* Exercise objective: Return exactly, please, the line that contains "Benefits of Infrared Sauna Therapy" and every line after it through the end of the material that follows, leaving pictures aside.

* Data provided:
※ ※ ※
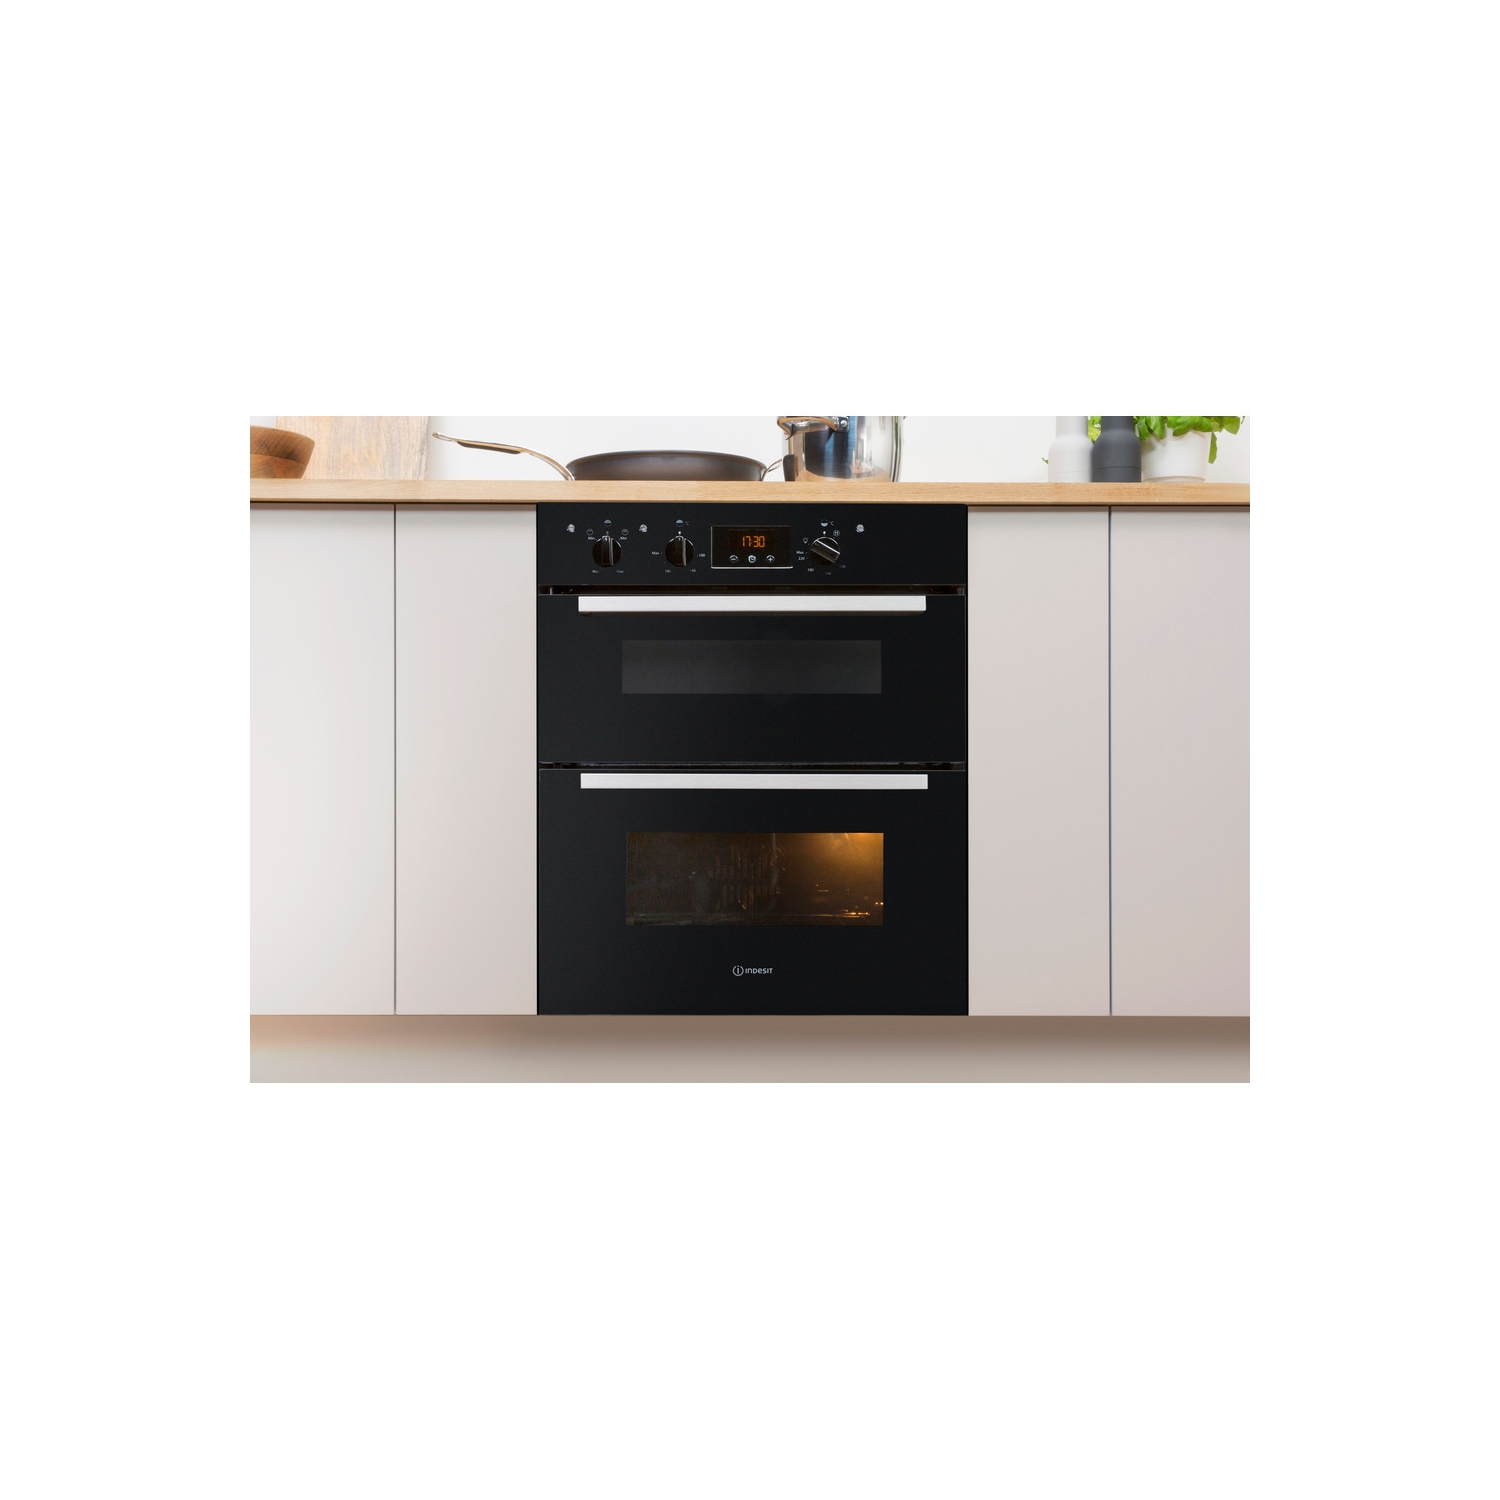 Indesit Built In Electric Double Oven - Black - B Rated - 10
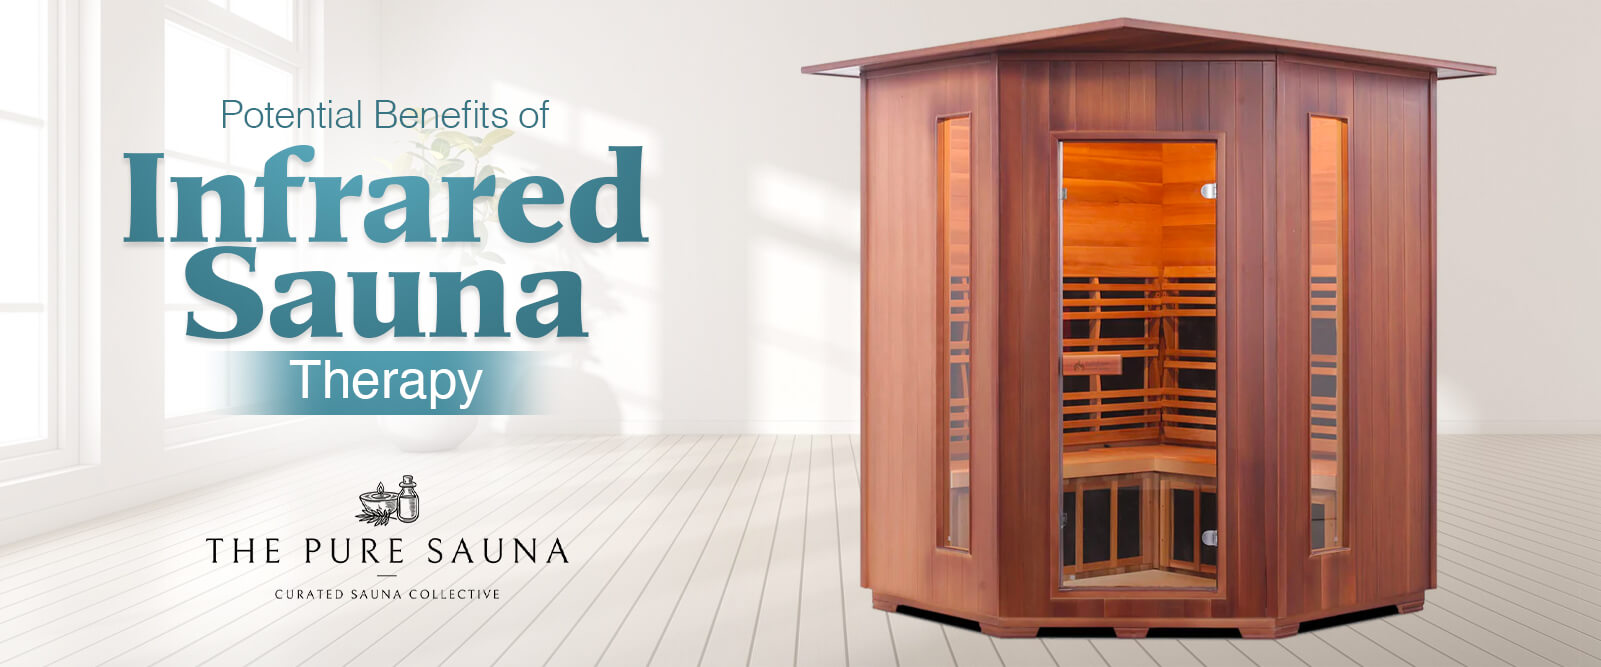 Benefits of Infrared Sauna Therapy
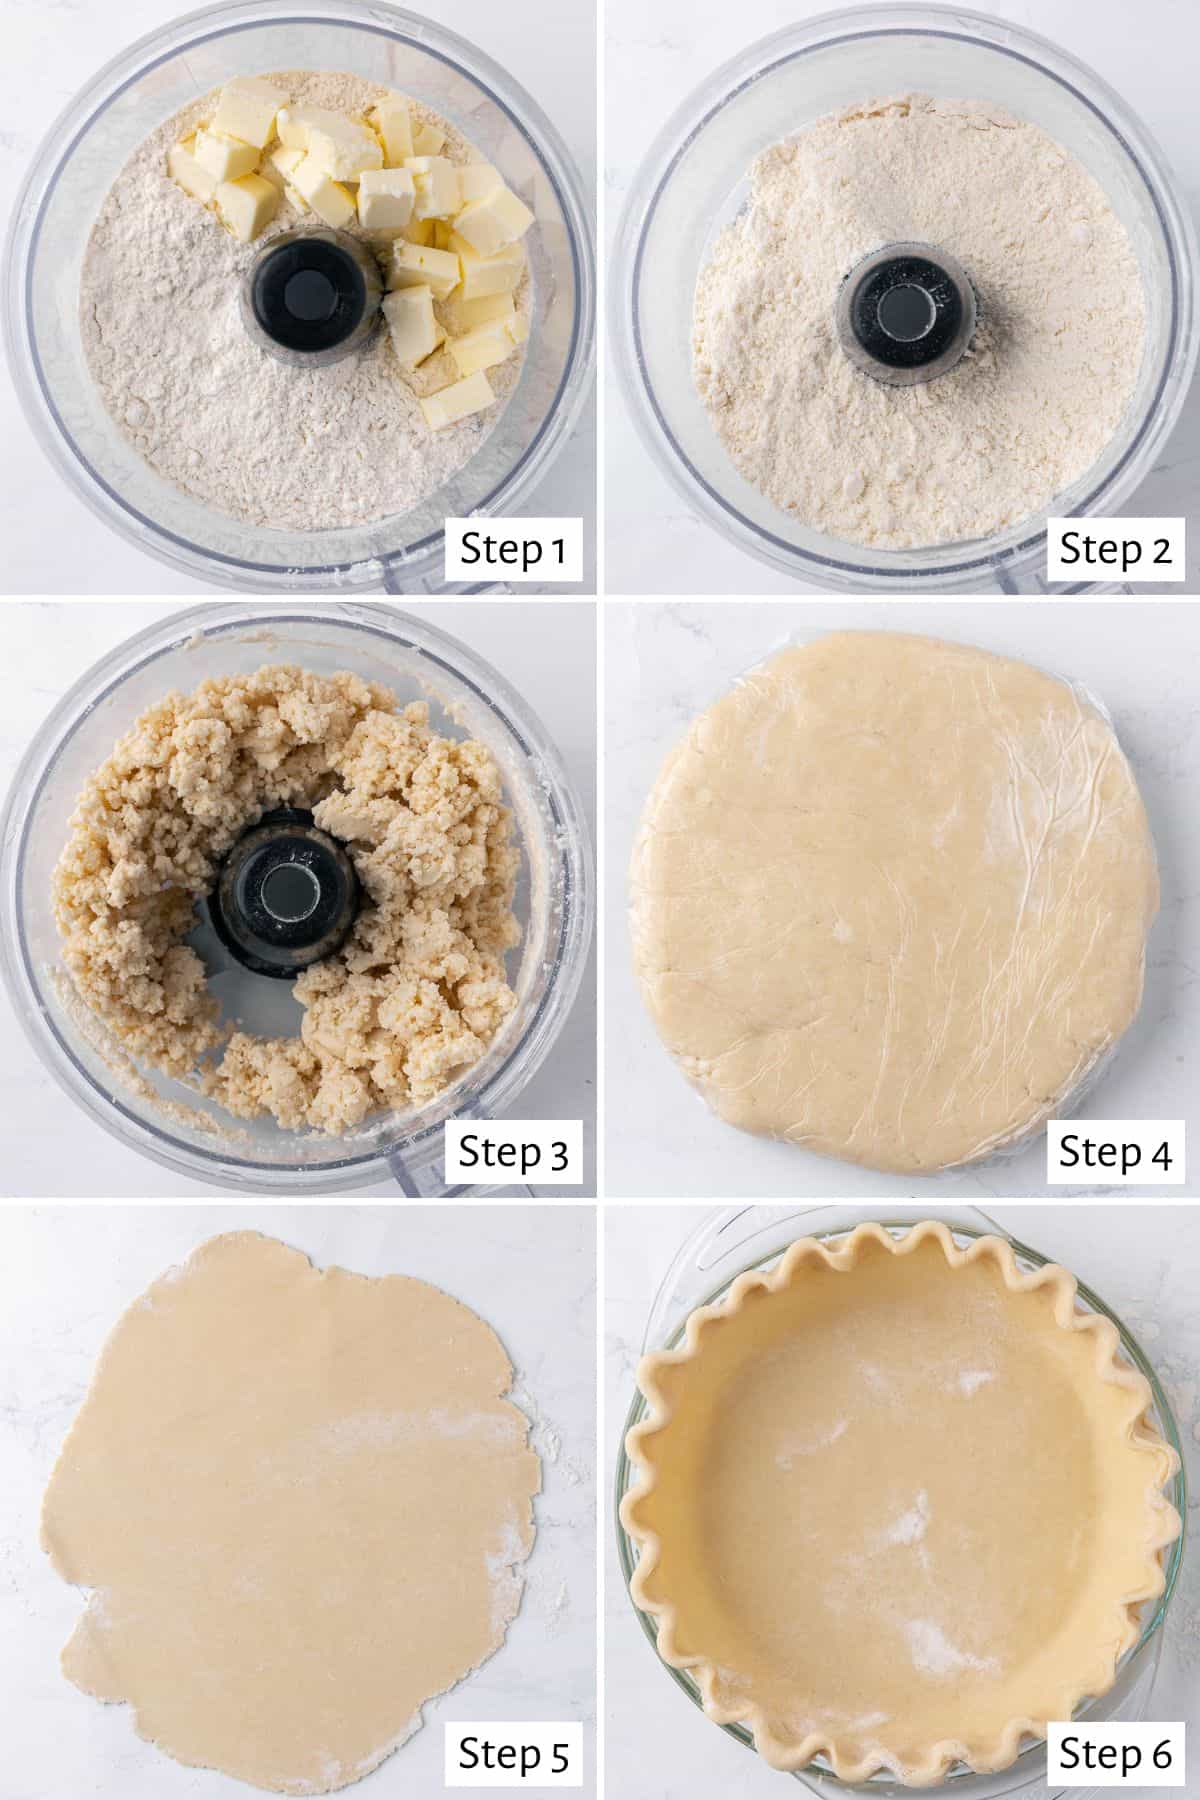 6 image collage making recipe: 1- flour and cubed butter in the bowl of a food processor before processing, 2- after processing into a small crumb, 3- after water added to show shaggy dough, 4- dough flatten into a disc and wrapped in plastic, 5- rolled out thin, 6- pressed and shaped into a glass pie plate.
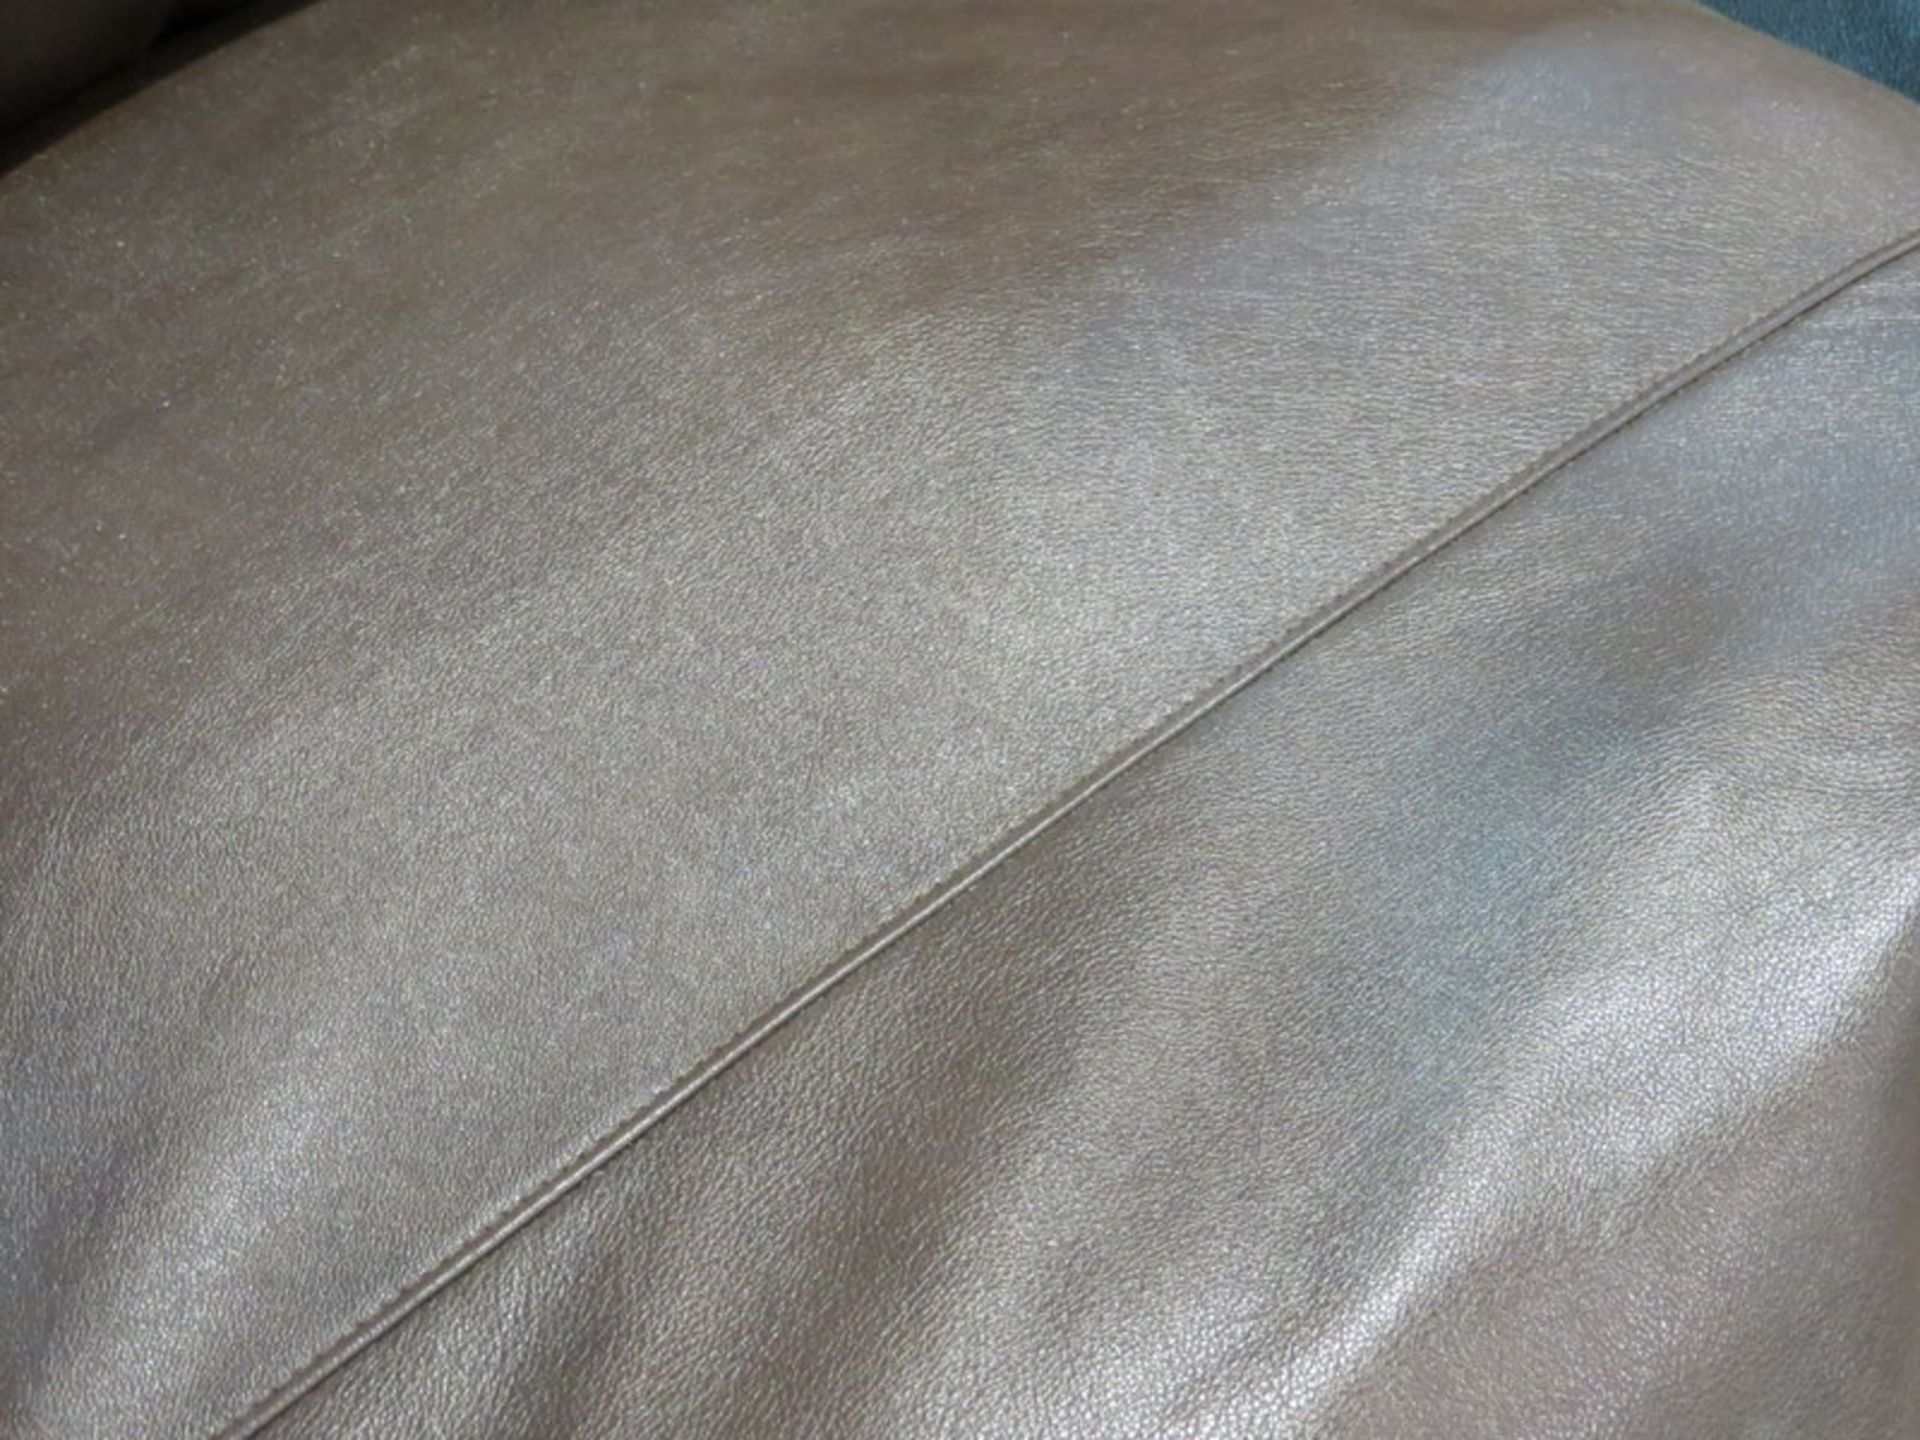 3 Seater Miracle brown 100% leather sofa. New in factory wrapping - 2200 x 970mm (LxD) - Image 3 of 4
※ ※ ※
* Answer to the exercise:
 Benefits of Infrared Sauna Therapy
 6 image collage making recipe: 1- flour and cubed butter in the bowl of a food processor before processing, 2- after processing into a small crumb, 3- after water added to show shaggy dough, 4- dough flatten into a disc and wrapped in plastic, 5- rolled out thin, 6- pressed and shaped into a glass pie plate.
 3 Seater Miracle brown 100% leather sofa. New in factory wrapping - 2200 x 970mm (LxD) - Image 3 of 4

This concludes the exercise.